If the sqlid is not available (e.g. for 9i traces), the hv (hash value) figure (to be found in the PARSING IN CURSOR section) is used instead of the sqlid. For example, for an insert statement with hv=2059022544, the xsqlid is 'INS2059022544'.

In the very rare occurrence in which neither the sqlid nor the hv is available, the statement text is fed to an internal MD5-based hash function, its output converted to a string with the same base characters as Oracle's sqlid but in uppercase. For example, for a begin-end block, it might be 'BEGU1PKBFB13JT2'.

For bound statements, the same internal MD5-based hash function is used on the bound statement text, and then the output is prefixed by ":" followed by the usual three letter, but in lowercase. An example for a select statement might be ':sel2U49229L3WZXD'.

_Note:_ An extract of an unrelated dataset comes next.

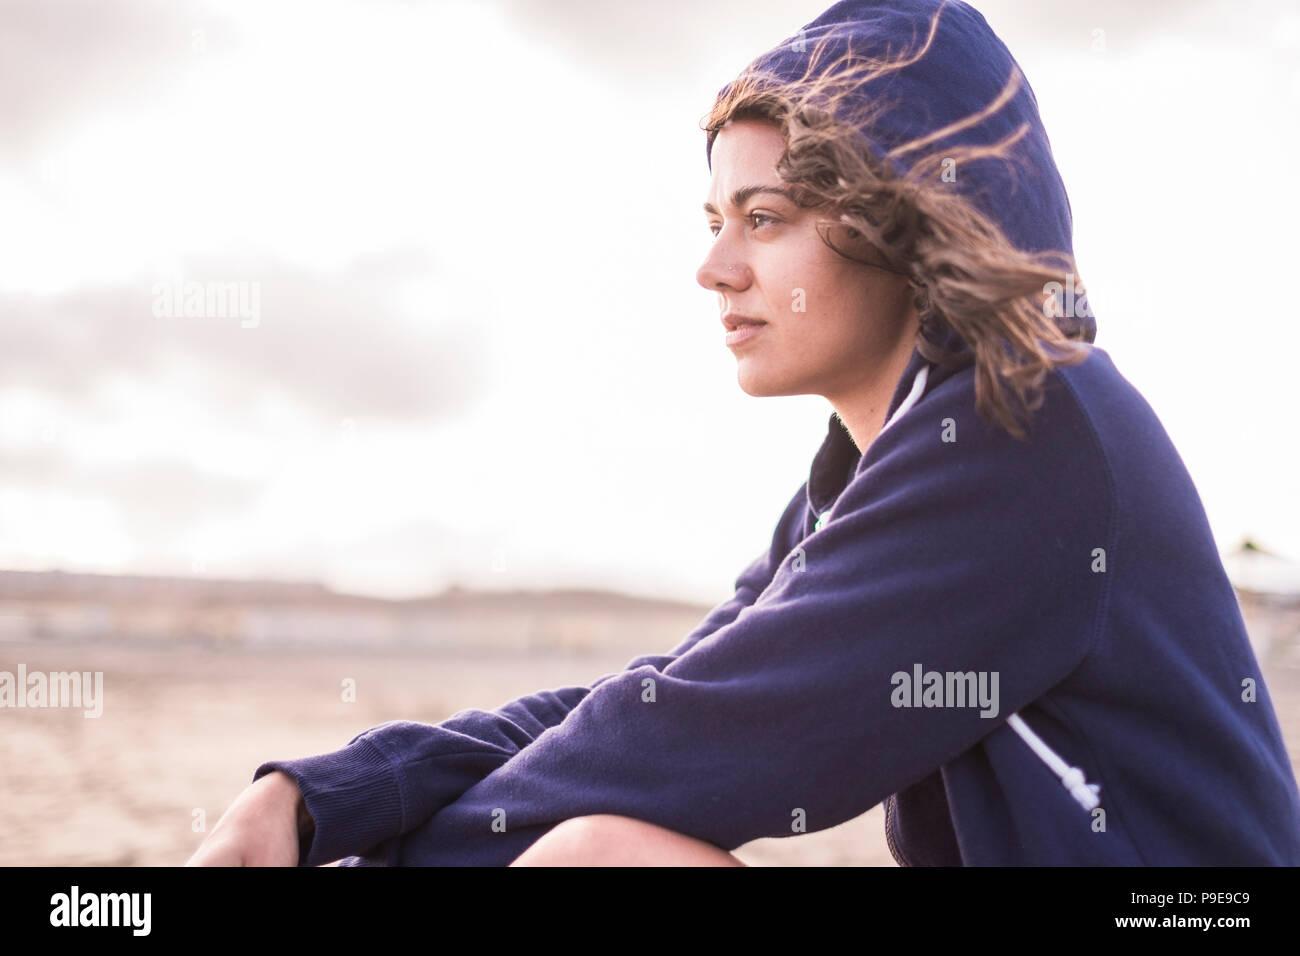 Bella ragazza seduta sulla spiaggia all'aperto in estate vacanze. perso nei suoi pensieri con indipendenza e libertà concetto. cielo luminoso con le nuvole in Immagini Stock

In addition, for both statements and bound statement, if a collision is detected (two or more different statements that share the same xsqlid are found), a progressive postfix is added to the colliding xsqlid (starting with the second); hence you might see (very rarely, and probably almost never for 10g+ traces) xsqlids such as 'SELgsya1fnahrtpk', 'SELgsya1fnahrtpk_1', 'SELgsya1fnahrtpk_2', etc. Thus, note that the xsqlid perfectly uniquely identifies a statement inside a trace file, and the part before the postfix only statistically uniquely identify a statement across trace files (as the sqlid does).

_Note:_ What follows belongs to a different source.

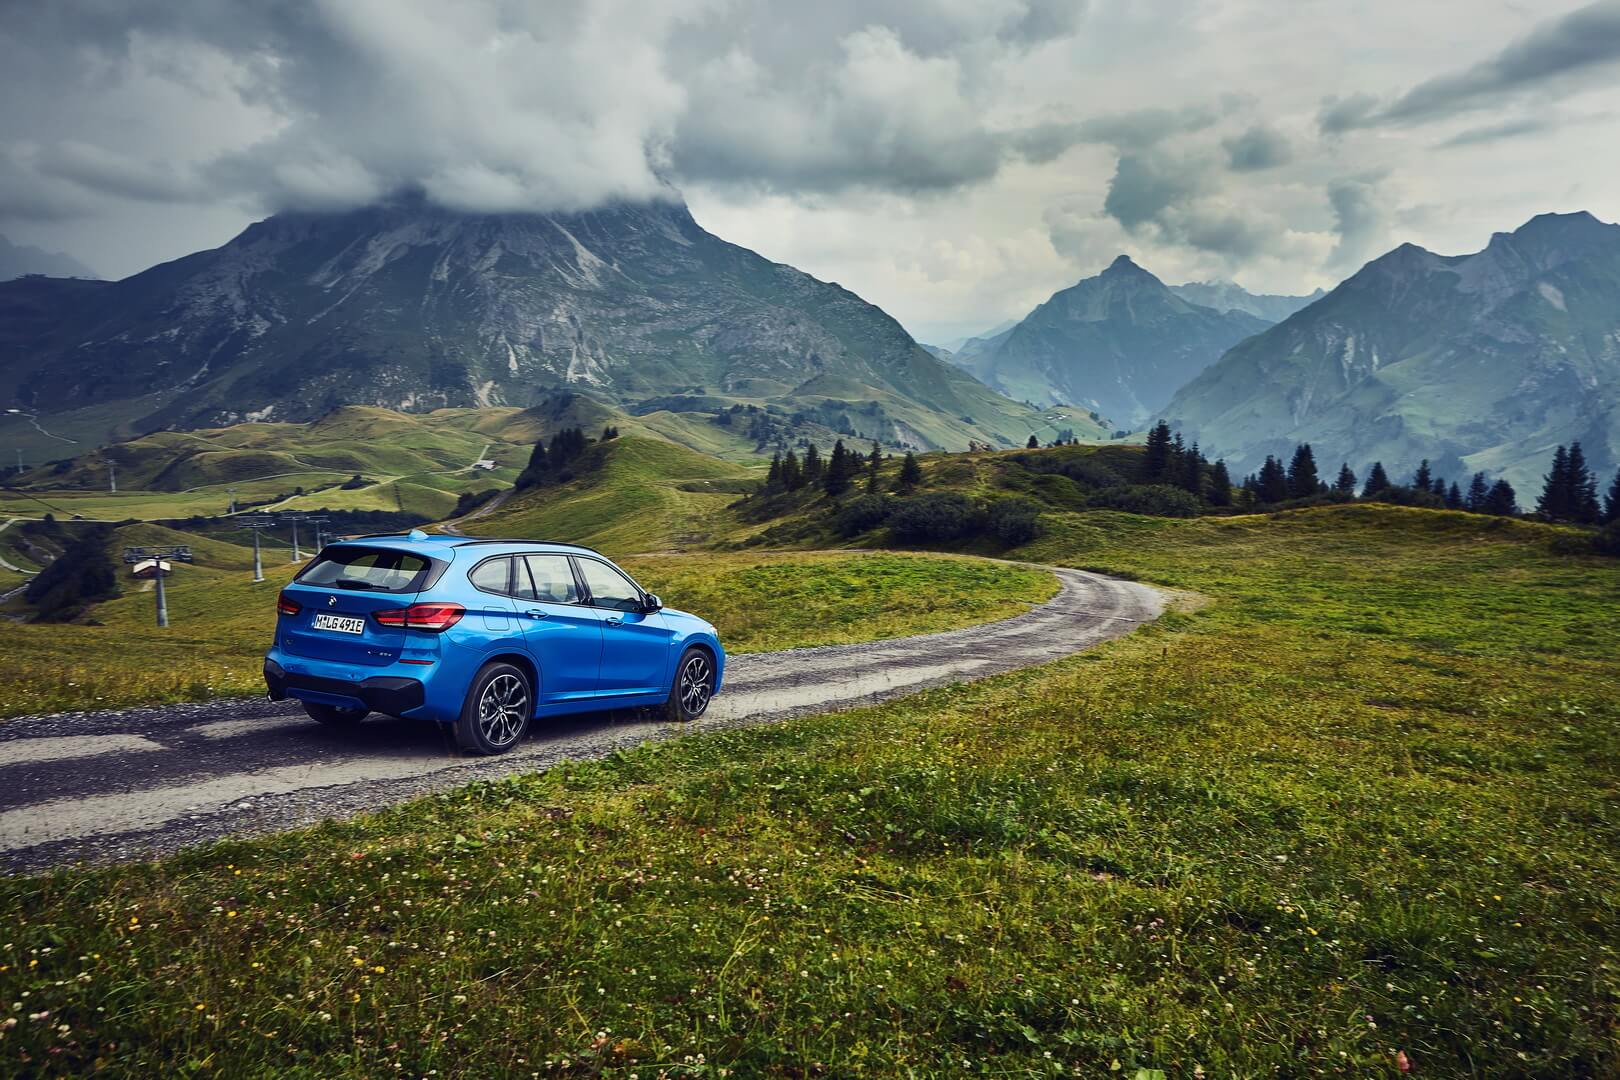 Плагин-гибрид BMW X1 xDrive25e

statement progressive number

The statement progressive number is simply a number linked to (different) statements, incremented by 1 whenever a new statement is found in the trace file. For bound statements, the number is printed prefixed with ":".
This progressive number is obviously inferior to the xsqlid, since the latter (statistically) uniquely identify the statement across trace files, while the former is meaningful only inside a particular trace file. The progressive number is used only because it is much shorter and hence consume less precious screen real estate, in places (e.g. "pointers") where using the xsqlid would be useless or redundant.

Pointer trees

One of the tool main features is the ability to automatically associate (or "attribute") lines to either other lines or statements. For example, WAIT lines are attributed to the (parent) db-call that caused them; recursive db-calls are associated to their (parent) db call that issued them; almost every line is associated to both its statement and bound statement, etc.

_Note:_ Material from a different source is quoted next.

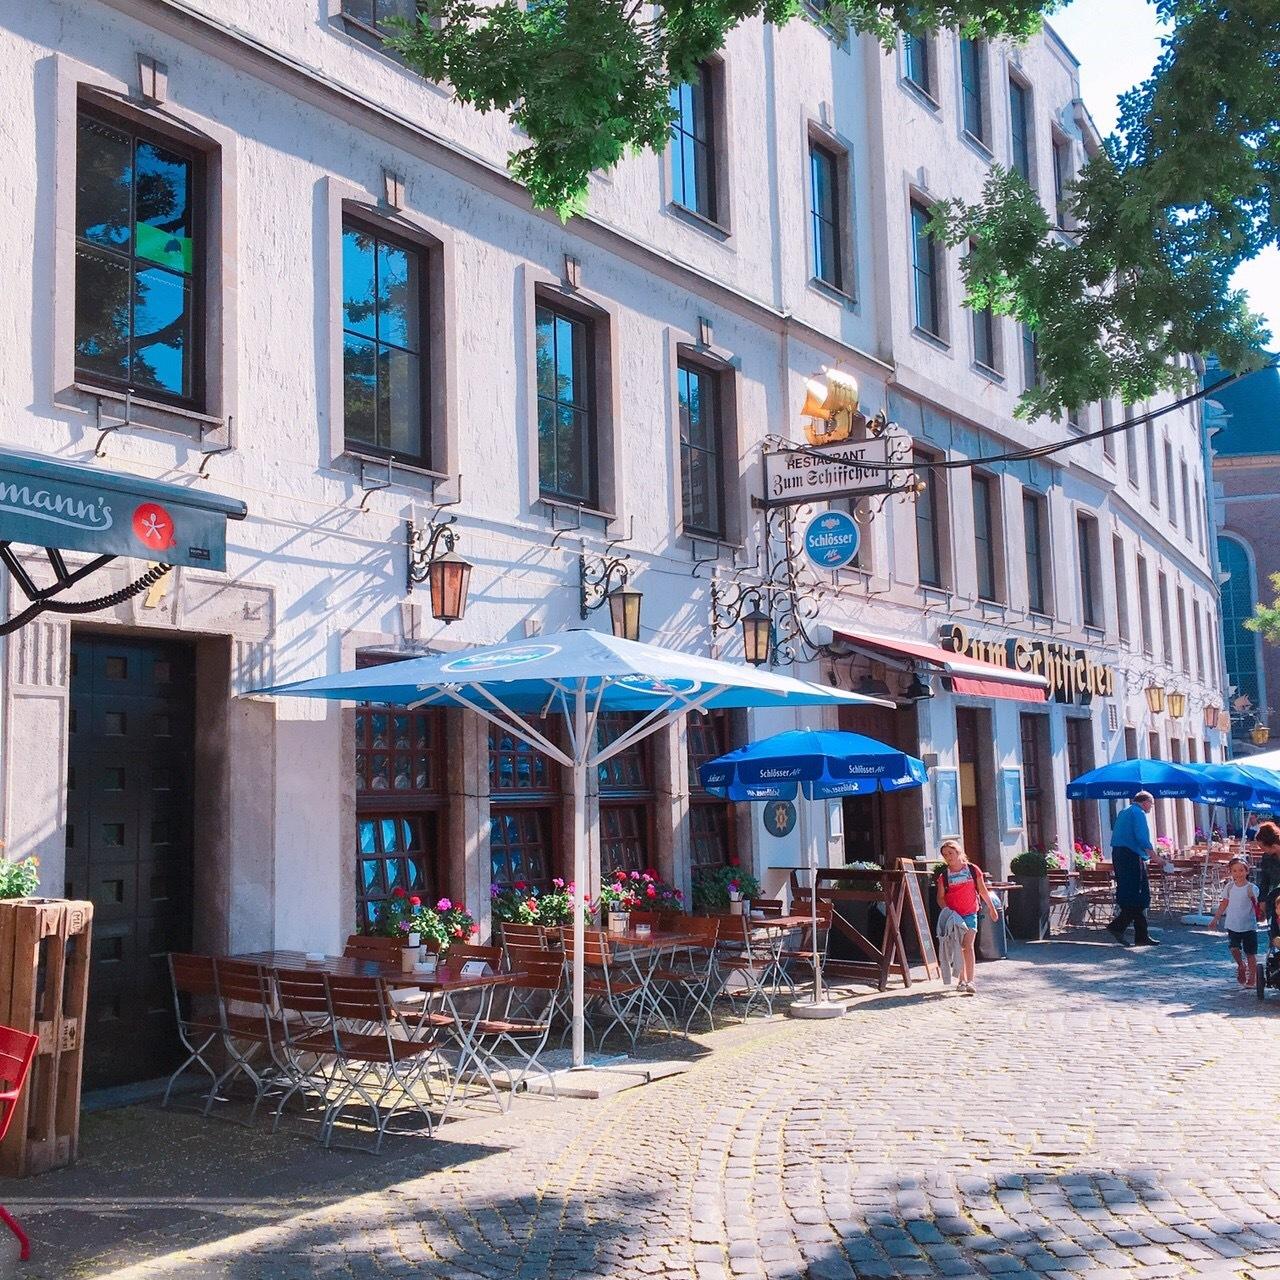 ドイツ -帰国子女が教えるマル秘スポット【デュッセルドルフ】の街を歩く-_1_4-3

The association (attribution) is implemented with a "parent pointer", that is, an x-figure that contains either the parent line number or the parent (bound) statement number (aka statement progressive number). For example, the parent of a WAIT line is contained in the "xwt" (X Wait parenT) figure; the parent db-call in the "xct" (X Call parenT) figure, etc.

The set of lines that are associated with the same parent are, quite obviously, named either the "sibling chain" or the "children". The previous and next sibling pointers are contained in other two x-figures. For example WAIT lines have the "xwp" (X Wait Previous) and "xwn" (X Wait Next) x-figures; db-calls have the "xcp" and "xcn" x-figures; etc.

Parents have also two additional figures that points to the first and last children. For example, db-calls have the "xwf" (X Wait First) and "xwl" (X Wait Last) x-figures; db-calls have also the "xcf" and "xcl"; etc.

Note: null pointers are represented by the number zero, since all line numbers and statement progressive numbers are strictly greater than zero.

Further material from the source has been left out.